Stored records:
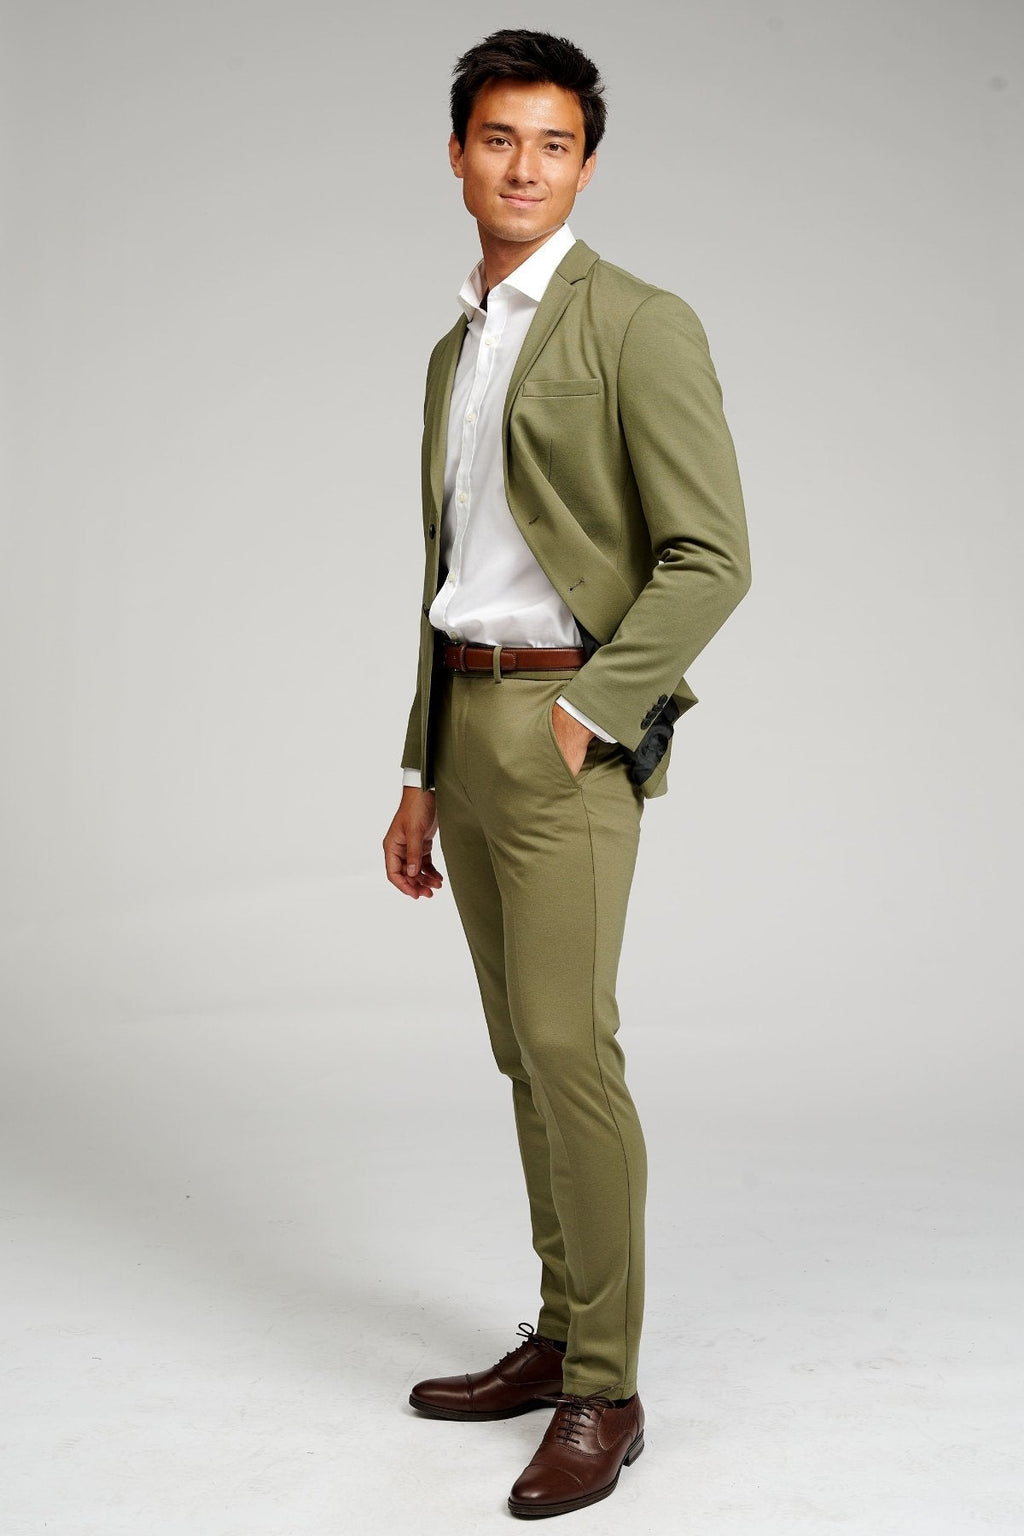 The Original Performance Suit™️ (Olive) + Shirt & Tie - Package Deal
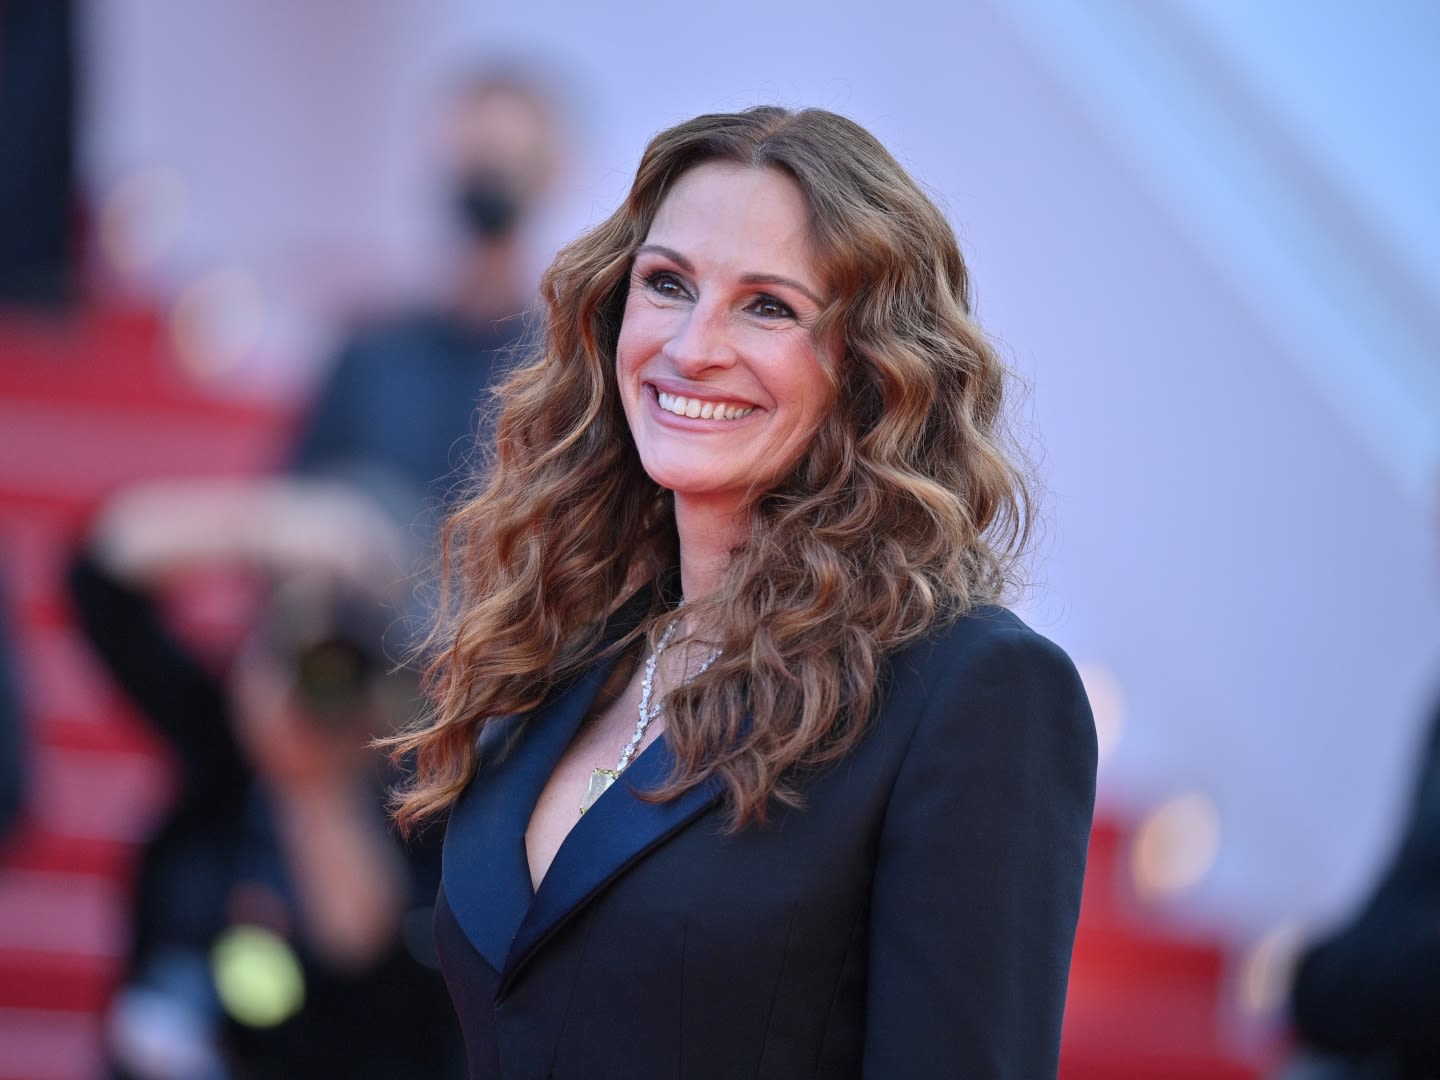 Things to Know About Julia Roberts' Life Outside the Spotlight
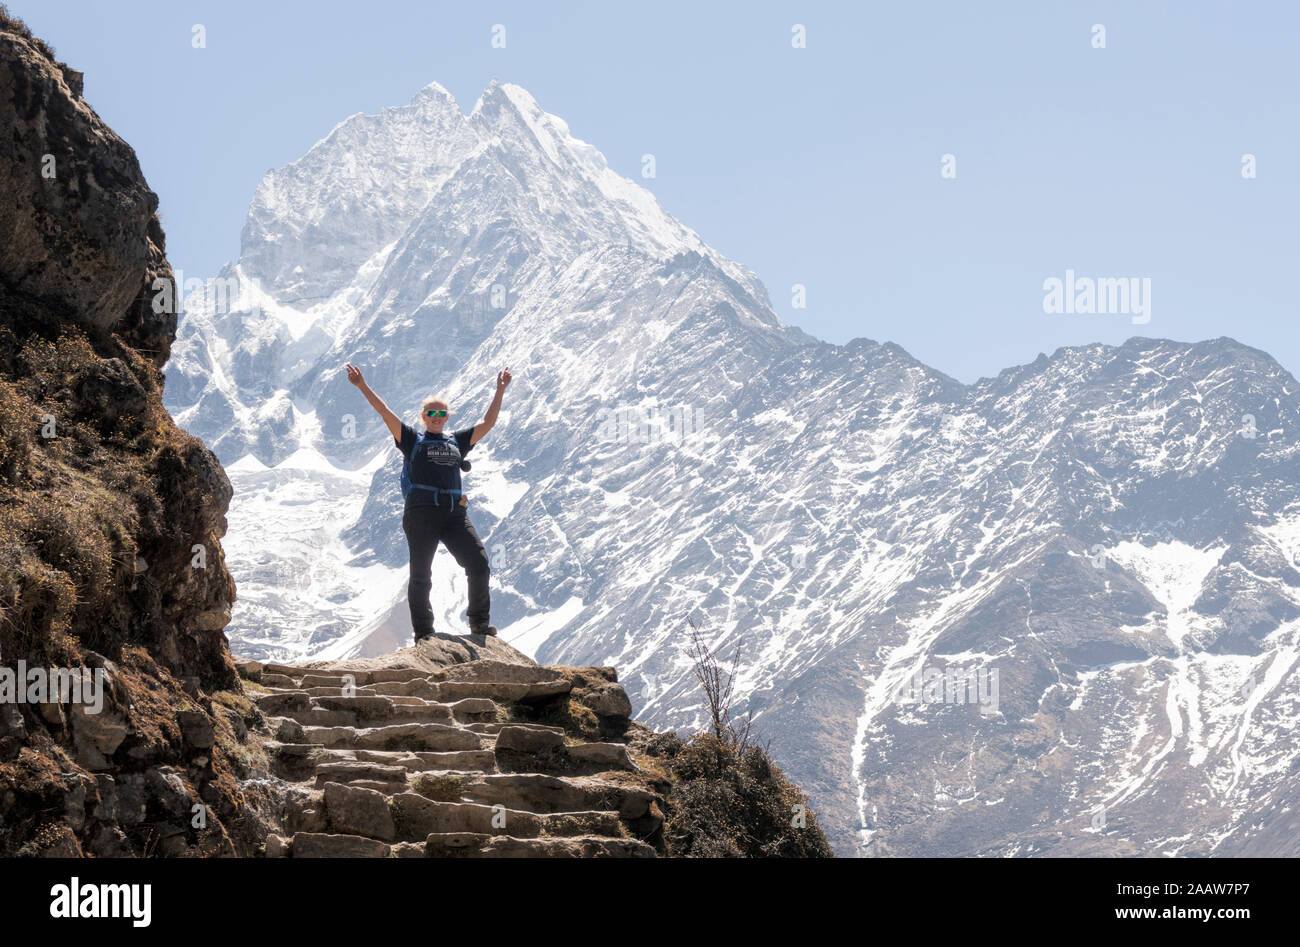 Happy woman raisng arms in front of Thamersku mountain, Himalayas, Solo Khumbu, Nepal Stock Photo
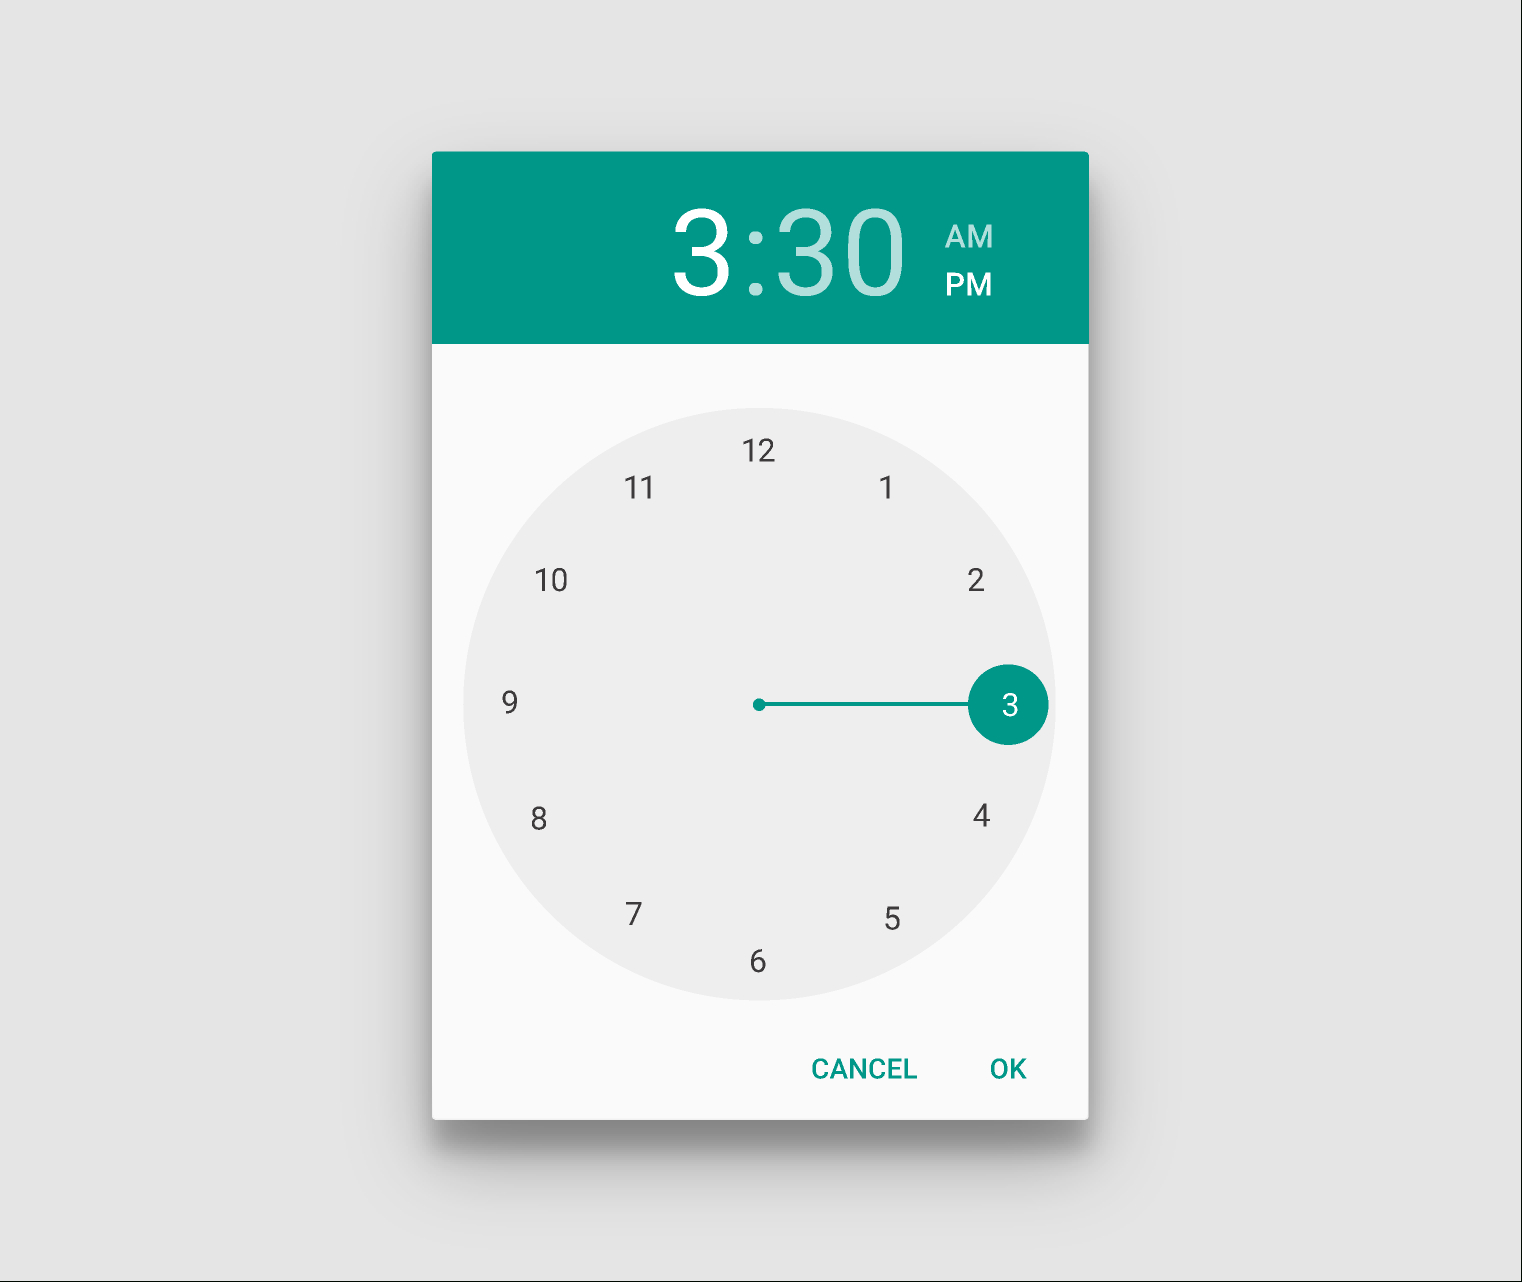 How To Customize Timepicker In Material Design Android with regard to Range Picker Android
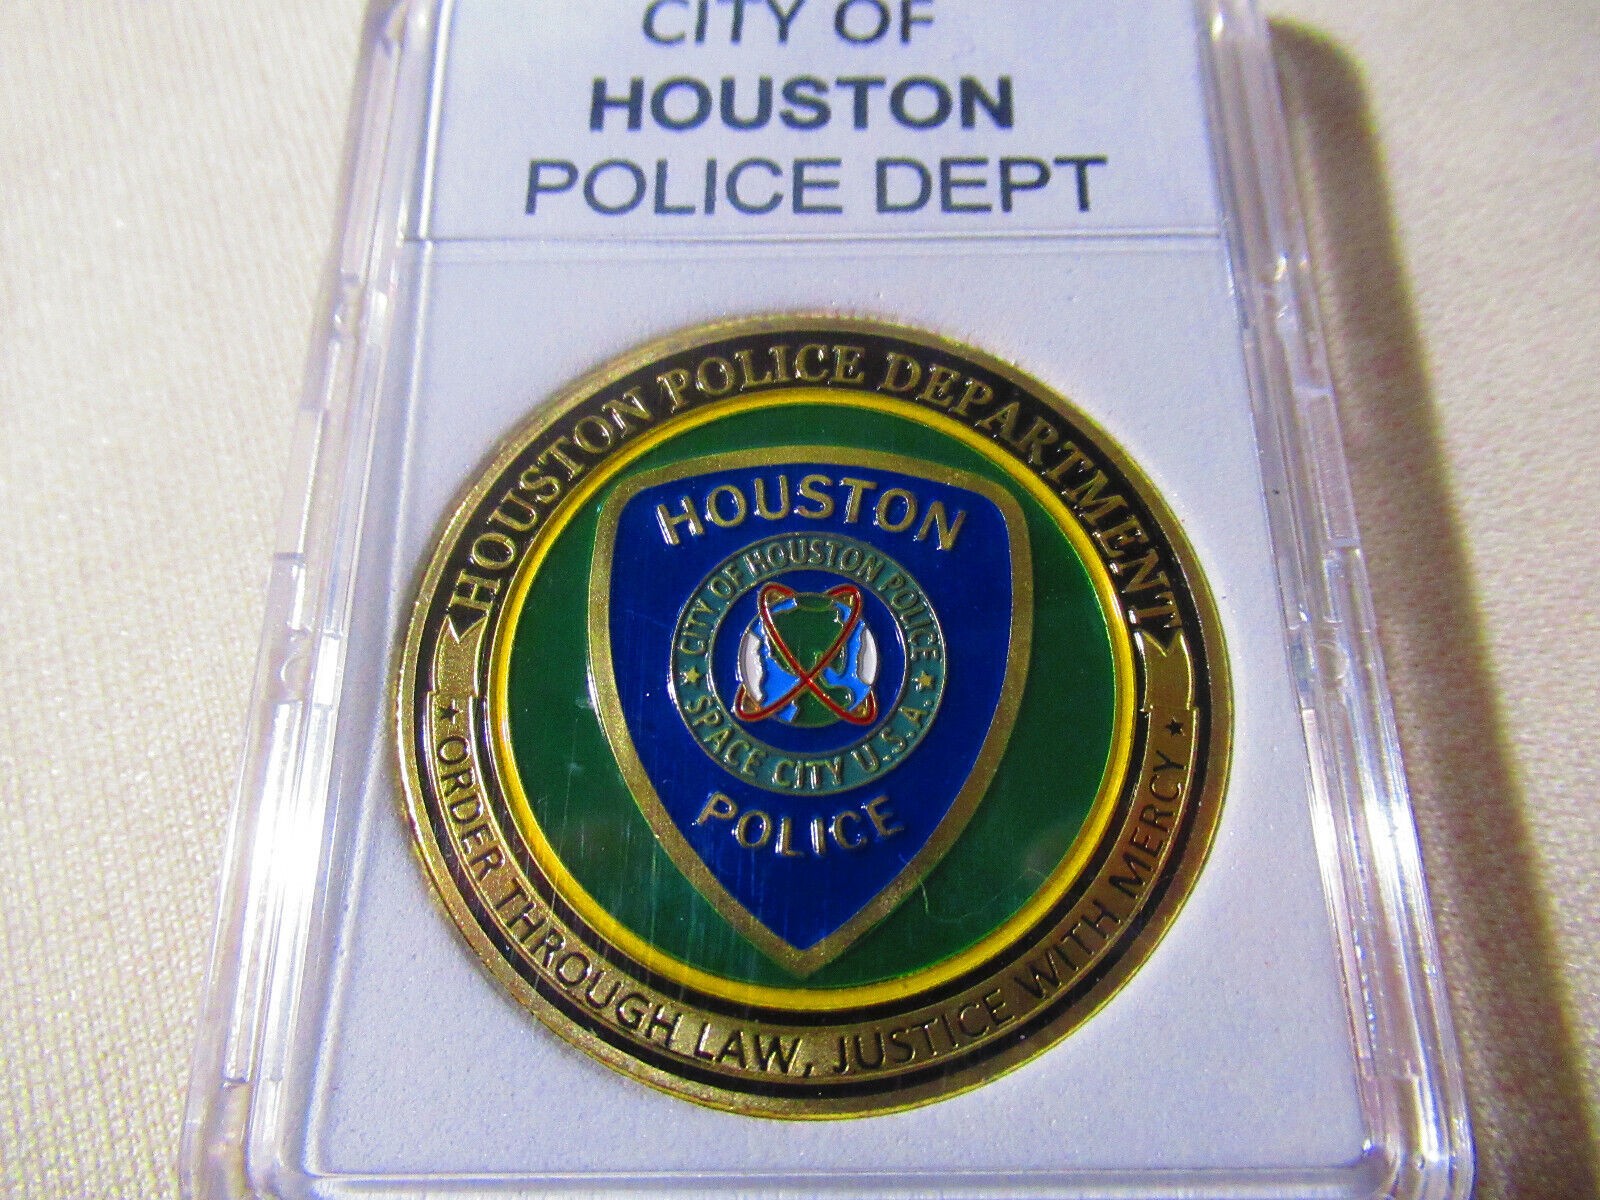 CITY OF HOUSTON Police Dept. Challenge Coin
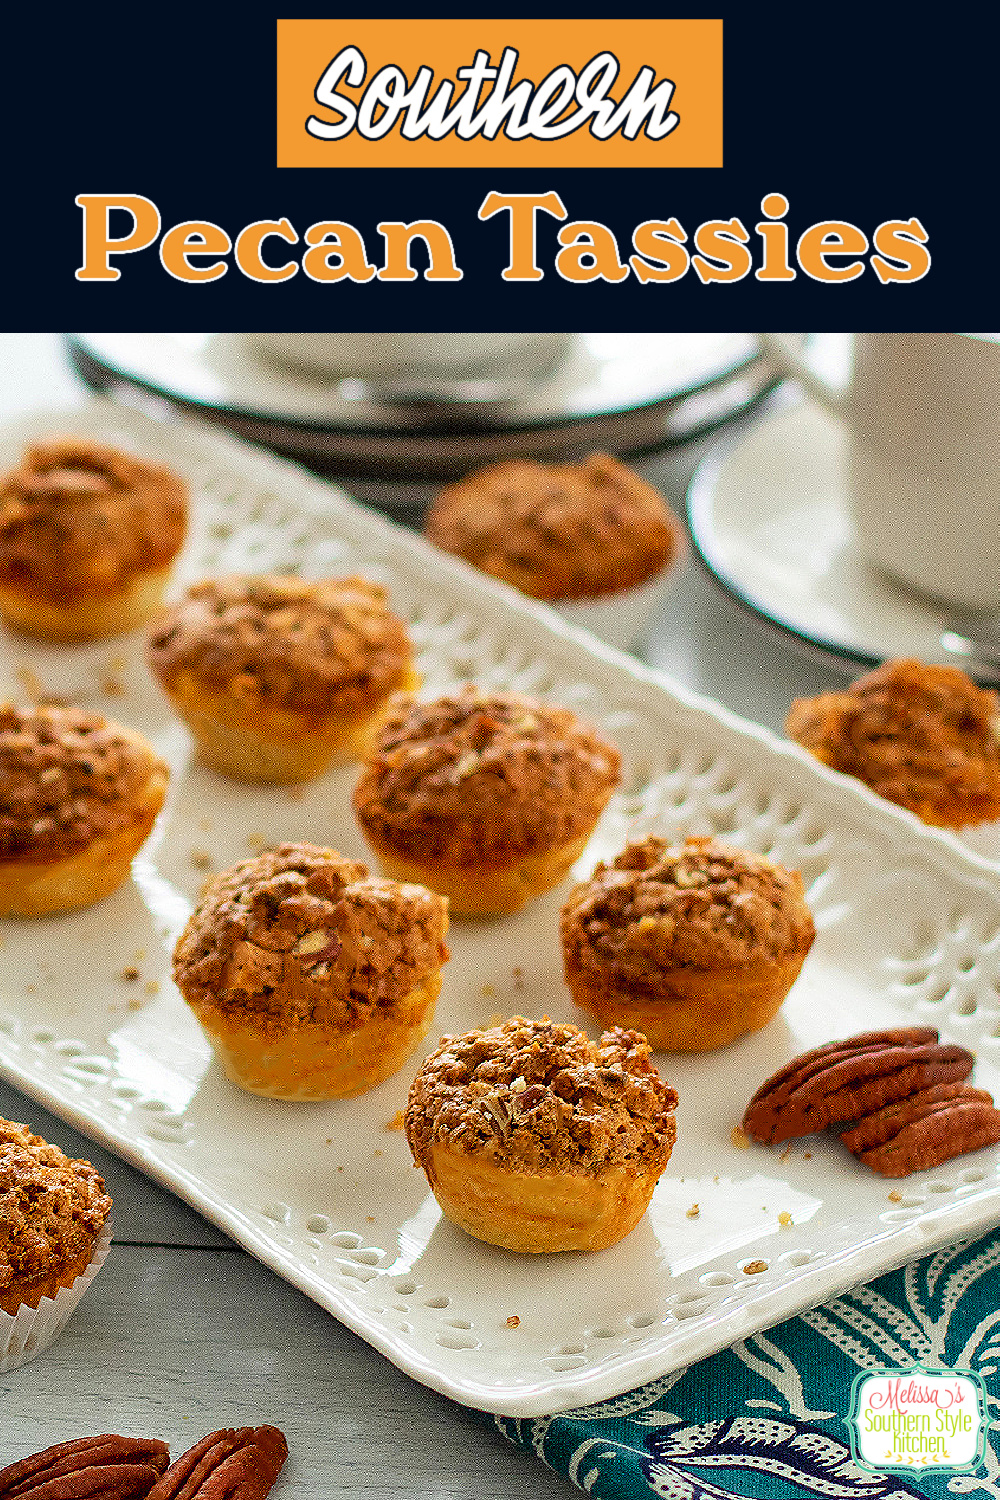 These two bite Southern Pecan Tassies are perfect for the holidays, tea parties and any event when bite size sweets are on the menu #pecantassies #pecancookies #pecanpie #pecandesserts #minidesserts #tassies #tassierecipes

• THE PROBLEM:
Word for word, retype the lines in the entries above that run from the one with "Happy woman raisng" through the one with "CITY OF HOUSTON Police Dept. Challenge Coin". Both ends count; pictures do not.

• PROBLEM SOLUTION:
 Happy woman raisng arms in front of Thamersku mountain, Himalayas, Solo Khumbu, Nepal Stock Photo
 How To Customize Timepicker In Material Design Android with regard to Range Picker Android
 CITY OF HOUSTON Police Dept. Challenge Coin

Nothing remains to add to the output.